The Eagle from _Space: 1999_ is a fan favorite and often noted as one of the "most realistic" ships on film. The modular, open framework and visible RCS thrusters certainly look more practical and "spacecraft-like" to a 1970s audience, but the design has its failings, too. I still love it anyway.

Korborak on DeviantART has several renderings in his *Work in Progress* gallery showing a "more realistic" Eagle design. If _Space: 1999_ were made today, this is the sort of detail one would expect just to pass muster on all those high definition televisions.


----------



## Rodders (Nov 17, 2011)

Looking good so far. The Eagles are a great design. (In fact, my favourite childhood memory is me running through the house with my Dinky Eagles making whooshing noises.  )


----------



## TheTomG (Nov 17, 2011)

Not pulled up the art page since I am running out of time on lunch break, but am looking forward to viewing this when I get home! I love this design, and have fond memories of my Dinky toy version (at least I think it was Dinky.)


----------



## Starbeast (Nov 17, 2011)

Very nice detail painting on the Eagle ship from _Space: 1999. _I believe the Eagle model has been brought back for collectors to build and paint-up as they wish.


----------



## Metryq (Nov 17, 2011)

Starbeast said:


> I believe the Eagle model has been brought back for collectors to build and paint-up as they wish.



There were several different scale Eagles built for the TV series. The 44" model was *restored by David Sisson*.

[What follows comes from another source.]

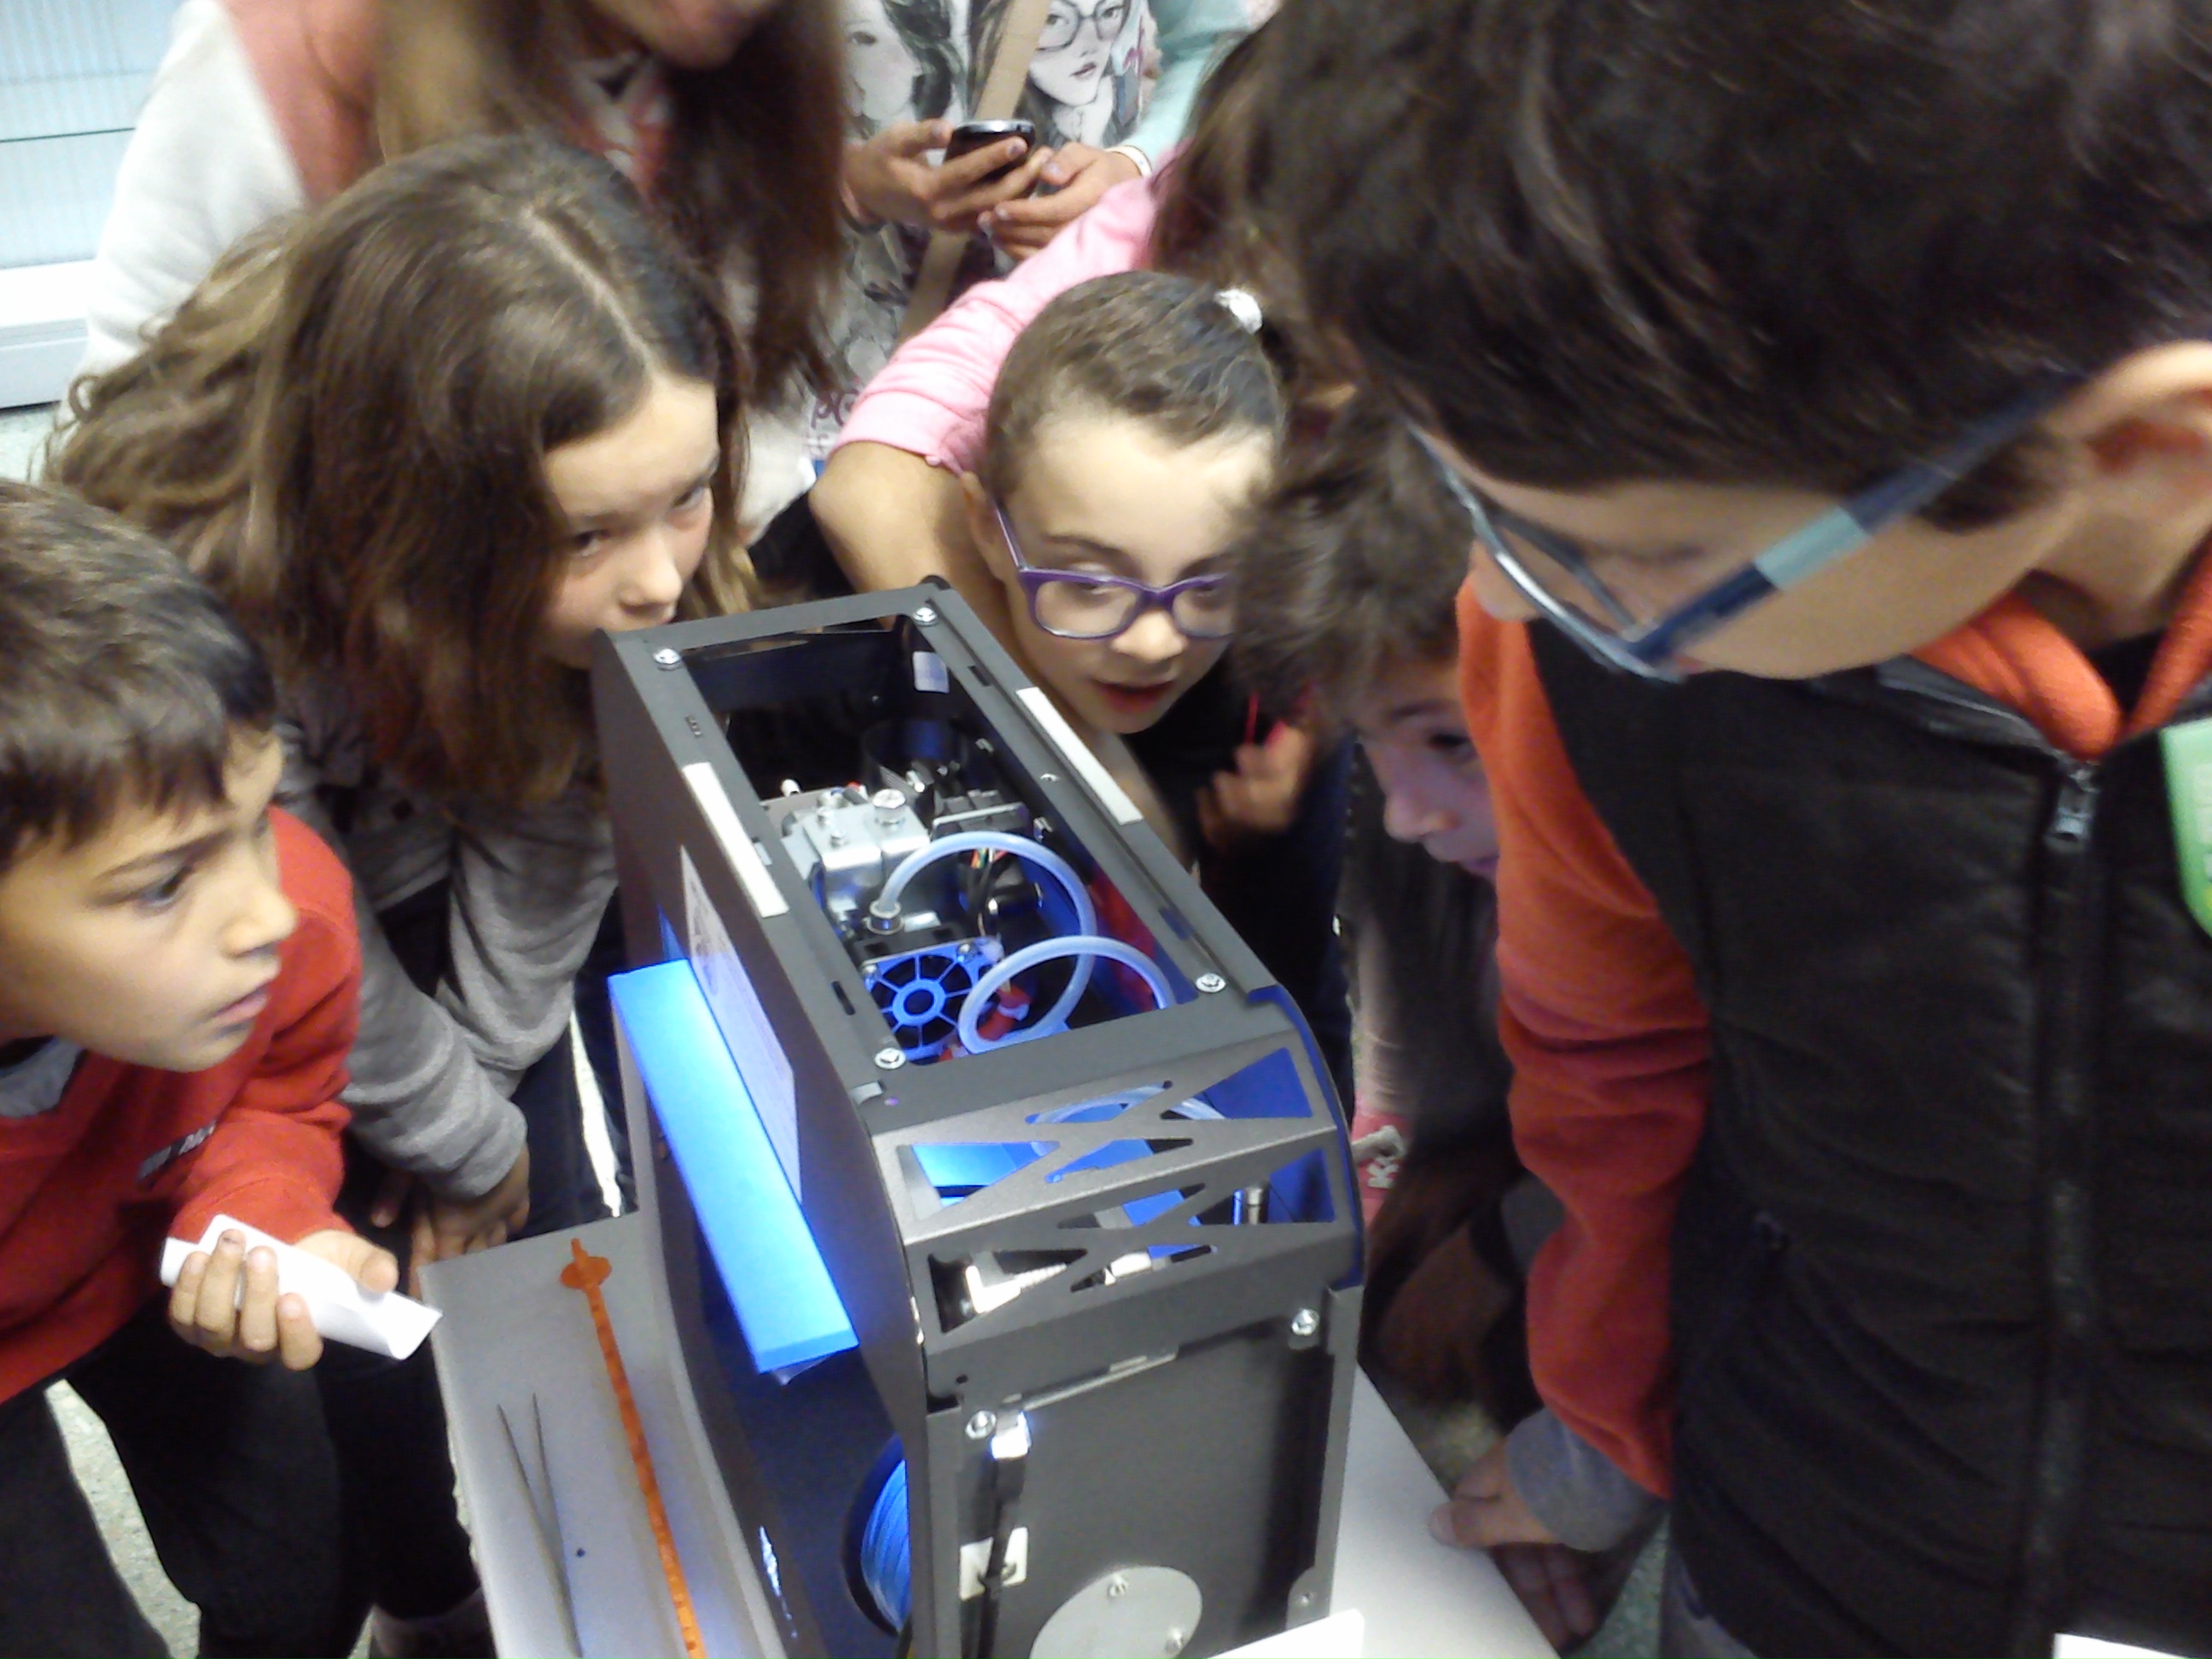 3D printing: A New Frontier for Education

(This article also appeared in *Sci-fi & Fantasy Modeller #9*.)


----------



## Starbeast (Nov 17, 2011)

Metryq said:


> There were several different scale Eagles built for the TV series. The 44" model was *restored by David Sisson*.


 
Thanks for showing the extensive work that was done to the Eagle ship prop used in the series. Too bad you can't see the great painting job on the pilots throught the blackened windows of the craft.

The model I worked on in the 1970's was molded in white, so all I painted were the thrusters, the windows and the red stripes. Today I probably would have given it much more of a "used car" look, like I did with my Cylon Raider, I even added battle scars to it.


----------